Wines with low pH values generally have better visual qualities. At low pH values, red wines show more color, and the color is better. Color intensity increases, and the red color becomes more purple at low pH values. Both red and white wines have better color stability when the pH is low. Some important polymeric reactions are accelerated at low pH values, and much of the unstable color pigments precipitate out of the wine early in the winemaking process. After the unstable pigments are gone, wine colors are more stable.
The following Table shows how some major wine characteristics are affected by pH.
| WINE CHARACTERITIC | LOW pH (3.0 - 3.4) | HIGH pH (3.6-4.0) |
| Oxidation | Less | More |
| Amount of Color | More | Less |
| Kind of Color | Ruby | Browner |
| Yeast Fermentation | Unaffected | Unaffected |
| Protein Stability | More Stable | Less Stable |
| Bacterial Growth | Less | More |
| Bacterial Fermentation | Less | More |
| SO2 Effectiveness | More | Less |
SULFUR DIOXIDE
Sulfur dioxide is a colorless gas formed from one sulfur and two oxygen atoms (SO2). It is foul smelling and noxious. The distinctive smell left by a burnt match comes from sulfur in the match reacting with oxygen in the air and producing sulfur dioxide. Sulfur dioxide gas reacts with water and forms sulfurous acid, and the sulfurous acid can be further oxidized into sulfuric acid.
Benefits
Sulfur dioxide has several desirable attributes when added to wine in very small quantities. Enzymes in the grapes that cause browning are deactivated by sulfur dioxide. Sulfur dioxide helps protect wine from excessive oxidation. Sulfur dioxide can reduce the oxidized smell of old wine by reacting with acetaldehyde. Sulfur dioxide is very useful in controlling the growth of bacteria and yeast.
Man has been adding sulfur dioxide to wine for more than a thousand years. A large body of knowledge exists on the use of sulfur dioxide in wine and in many other food products. The benefits of using sulfur dioxide in wine are well documented, and its positive effects are indisputable. Several characteristics of sulfur dioxide in wine are briefly discussed below.
Deactivates Enzymes
Grape juice is in contact with the surrounding air during the crushing and pressing operations, and the juice reacts with oxygen in the air and becomes oxidized. Oxidation causes the juice to darken, and the juice gradually turns brown. Browning is greatly accelerated by the presence of naturally occurring enzymes in the grapes. Polyphenoloxidase is the name of the this enzyme, and it is the same enzyme that causes freshly cut apples to turn an unpleasant brown color. Some grape varieties brown easily, while other grape varieties have little browning tendencies. The differences in susceptibility can be accounted for by the amount of Polyphenoloxidase enzyme that occurs in different grape varieties.

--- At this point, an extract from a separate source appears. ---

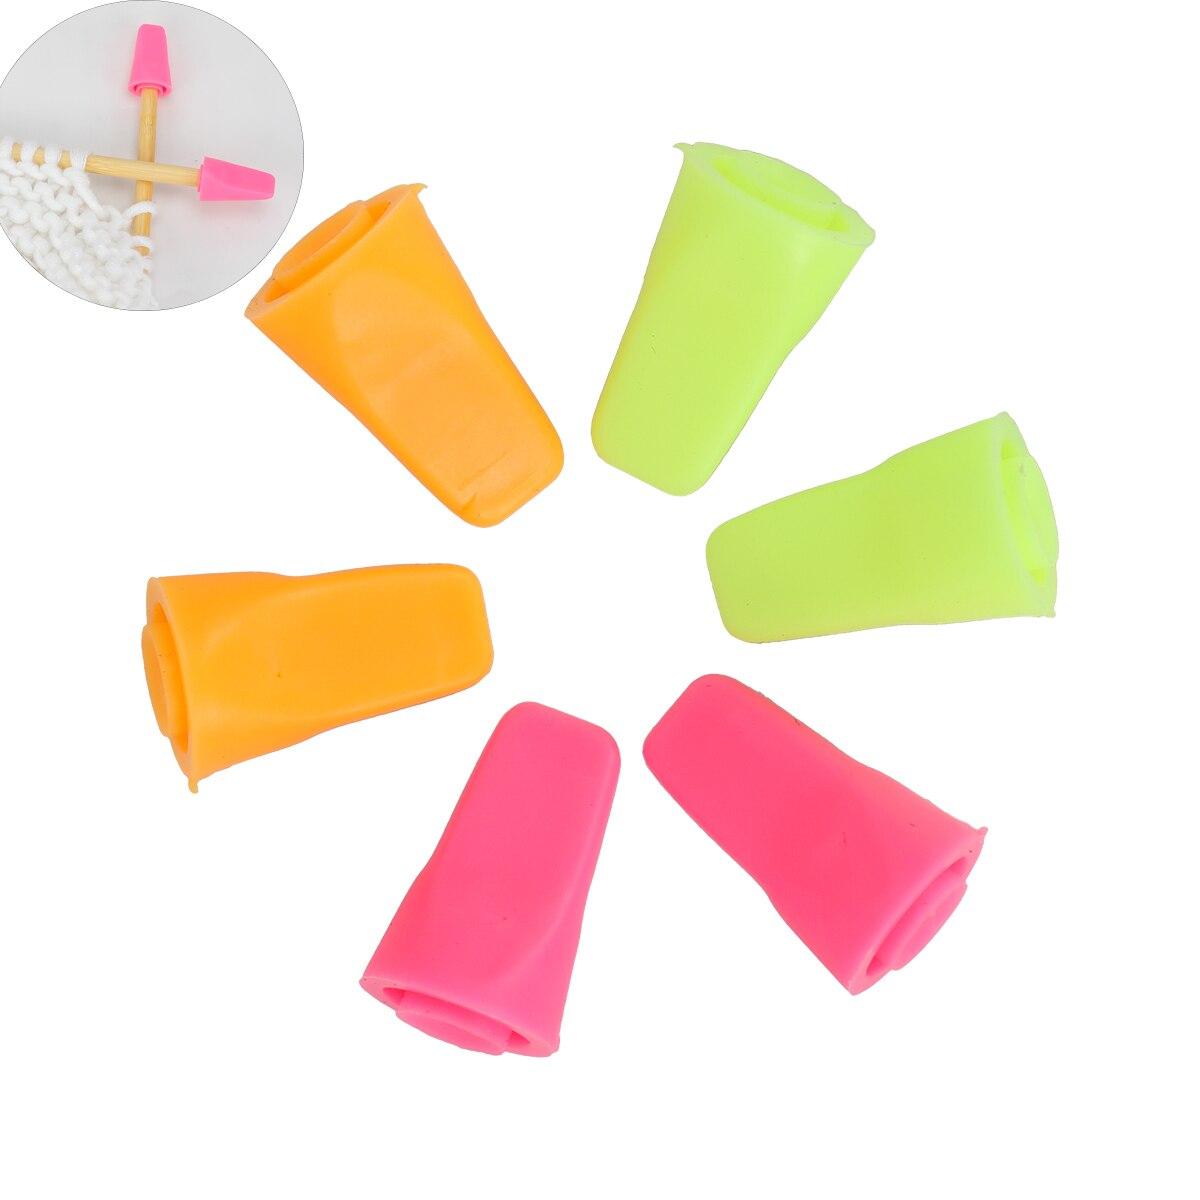 Bolsa de 6 unids/bolsa de goma, mezcla de colores, protectores para Punta de aguja de coser, tapón para puntas, tapa para agujas, accesorios para herramientas de costura

Enzymes responsible for browning are very sensitive to free sulfur dioxide, and the enzymes are deactivated when sulfur dioxide is added to the juice. The quantity of sulfur dioxide needed is very small, so sulfur dioxide is a powerful tool for reducing enzymatic browning in white and blush wines.
Inhibits Oxidation
The great French scientist, Pasteur, observed ". . . oxygen is the ardent enemy of all wine." Air is always present, and oxygen in the air is always ready to react with unprotected juice or wine. Grape juice and wine contain a variety of materials, and many of these substances are adversely affected by oxidation. Unpleasant, bitter, off-odors and off-tastes can be produced when these materials oxidize.
All wine components are subjected to small amounts of oxygen throughout the lengthy winemaking process. Many of the desirable changes that take place during bulk aging are oxidation reactions, so oxidation does not necessarily produce adverse changes when small amounts of oxygen are introduced very slowly. However, wine quality is reduced quickly when oxidation becomes excessive.
When small quantities of sulfur dioxide are added to grapes or wine, roughly half the amount added quickly combines with other wine constituents. The uncombined half remains in the wine in a free state. Only the uncombined or free sulfur dioxide is effective. In the free state, some of the sulfur dioxide combines with any oxygen that may be present before any of the other wine constituents become oxidized.
Sulfur dioxide is one of the most effective methods available for controlling oxidation, and most winemakers add enough sulfur dioxide when the grapes are crushed to give 30 to 50 milligrams of SO2 per liter. The recommended amount of sulfite powder is shown in Table below.
| Lbs. of Fruit | Sulfite (grams) |
| 100 | 3 |
| 200 | 6 |
| 300 | 9 |
| 400 | 11 |
| 500 | 14 |
| 600 | 17 |
| 700 | 20 |
| 800 | 23 |
| 900 | 26 |
| 1000 | 29 |
| 1500 | 43 |
| 2000 | 58 |
Twice as much sulfur dioxide is sometimes used when the grapes are very warm, or when they contain rot. This initial dose of SO2 deactivates the browning enzymes, and it helps prevent oxidation during the crushing and pressing operations.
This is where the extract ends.